> Collected data:

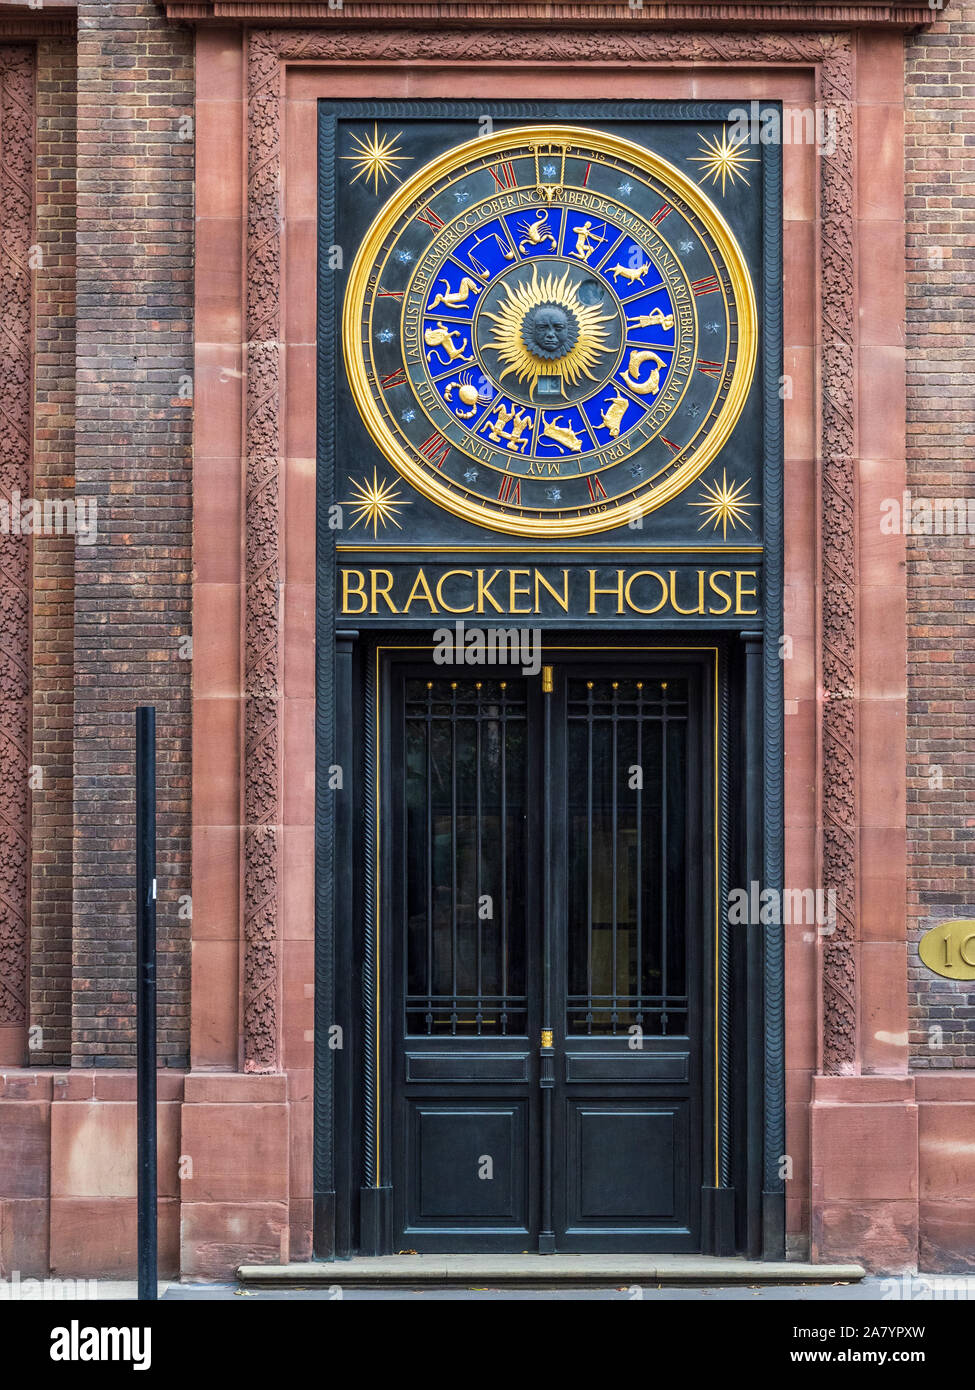 Horloge astronomique sur le Financial Times FT à l'AC rénovation Bracken House dans la ville de Londres. Designers Frank Dobson et Philip Bentham Banque D'Images
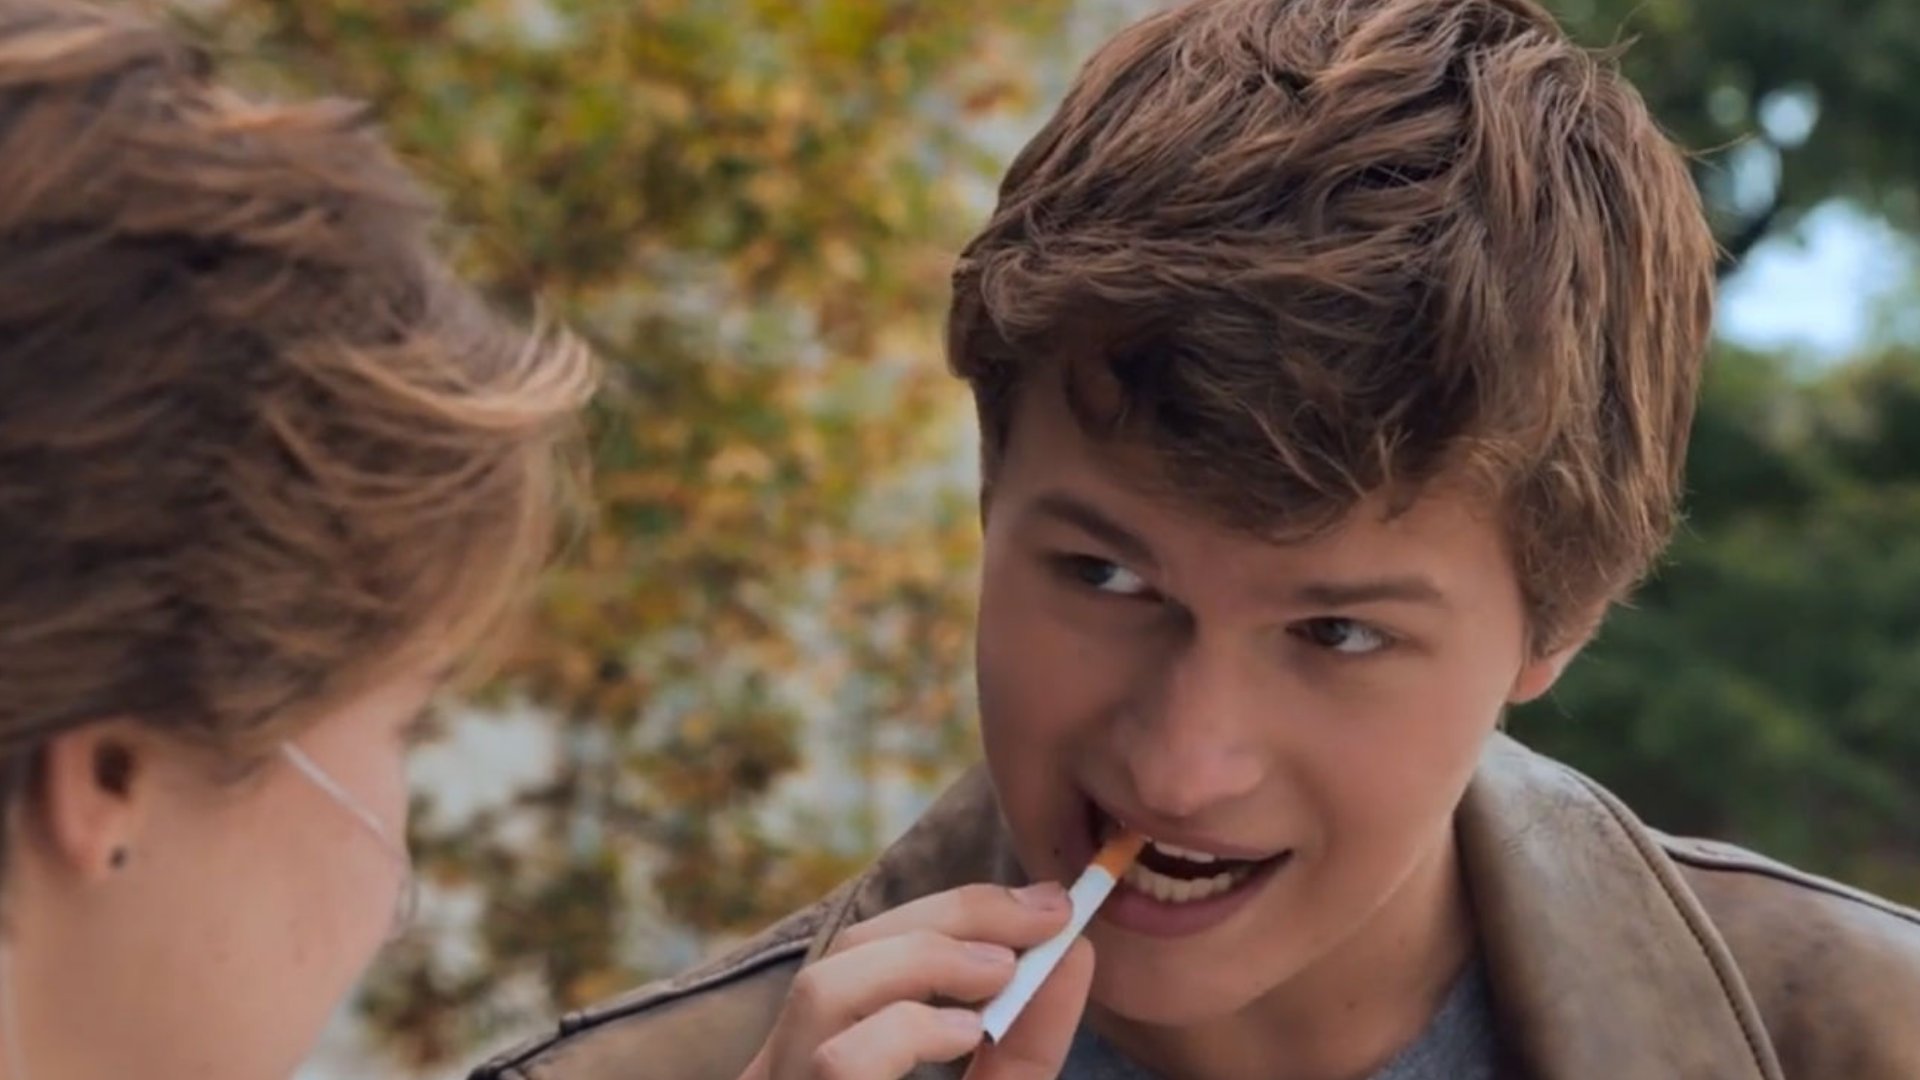 Augustus olhando para Hazel enquanto bota um cigarro na boca
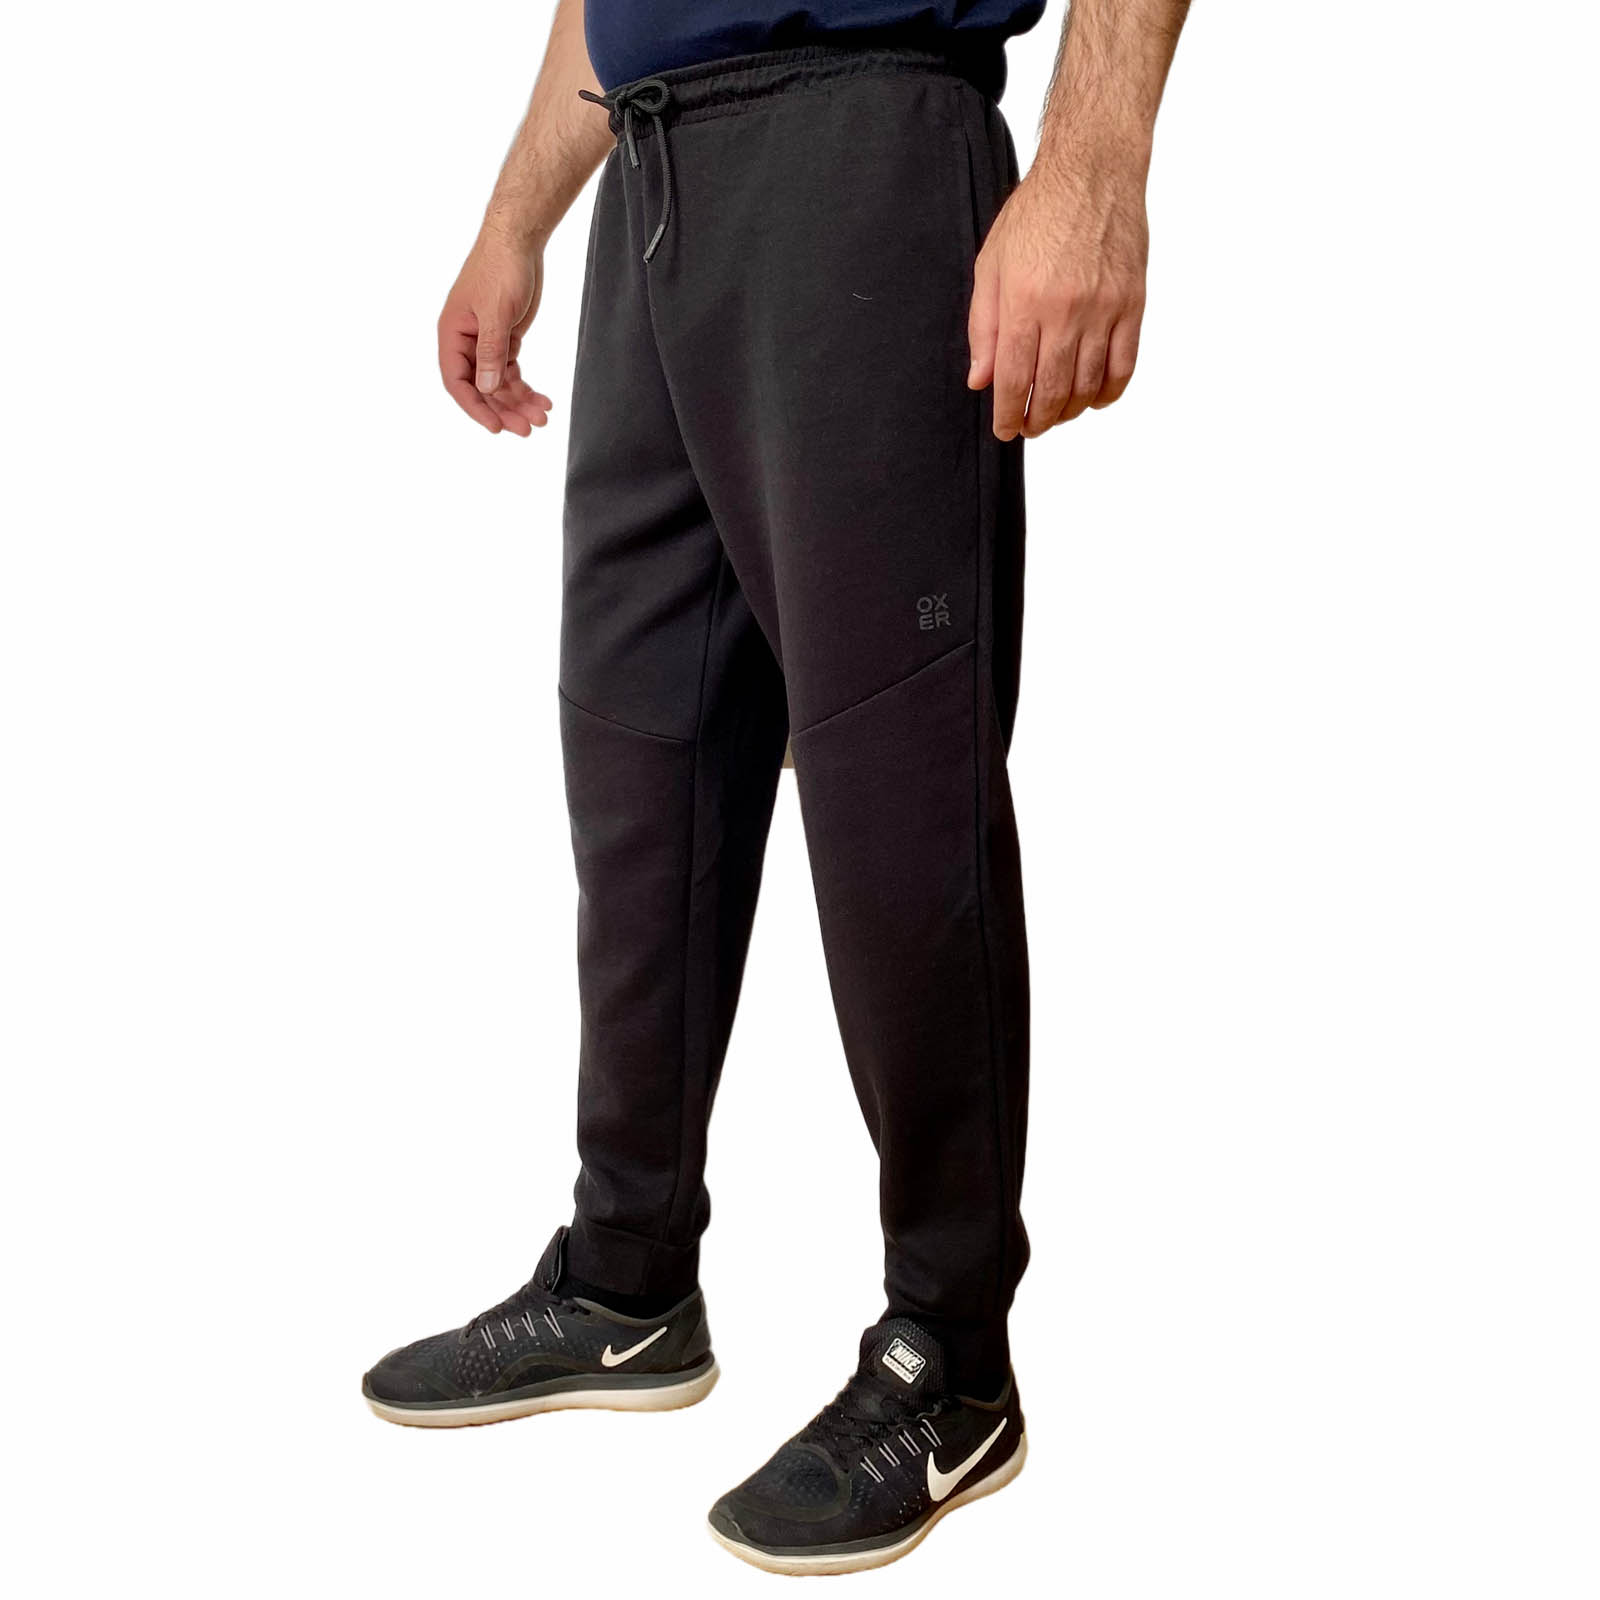 Купить недорого трикотажные мужские штаны

> Activity: The range to set down runs from the line containing "Augustus olhando para" through the final line of the data, both ends included; give it exactly and drop the pictures.

> Final answer:
 Augustus olhando para Hazel enquanto bota um cigarro na boca
 Купить недорого трикотажные мужские штаны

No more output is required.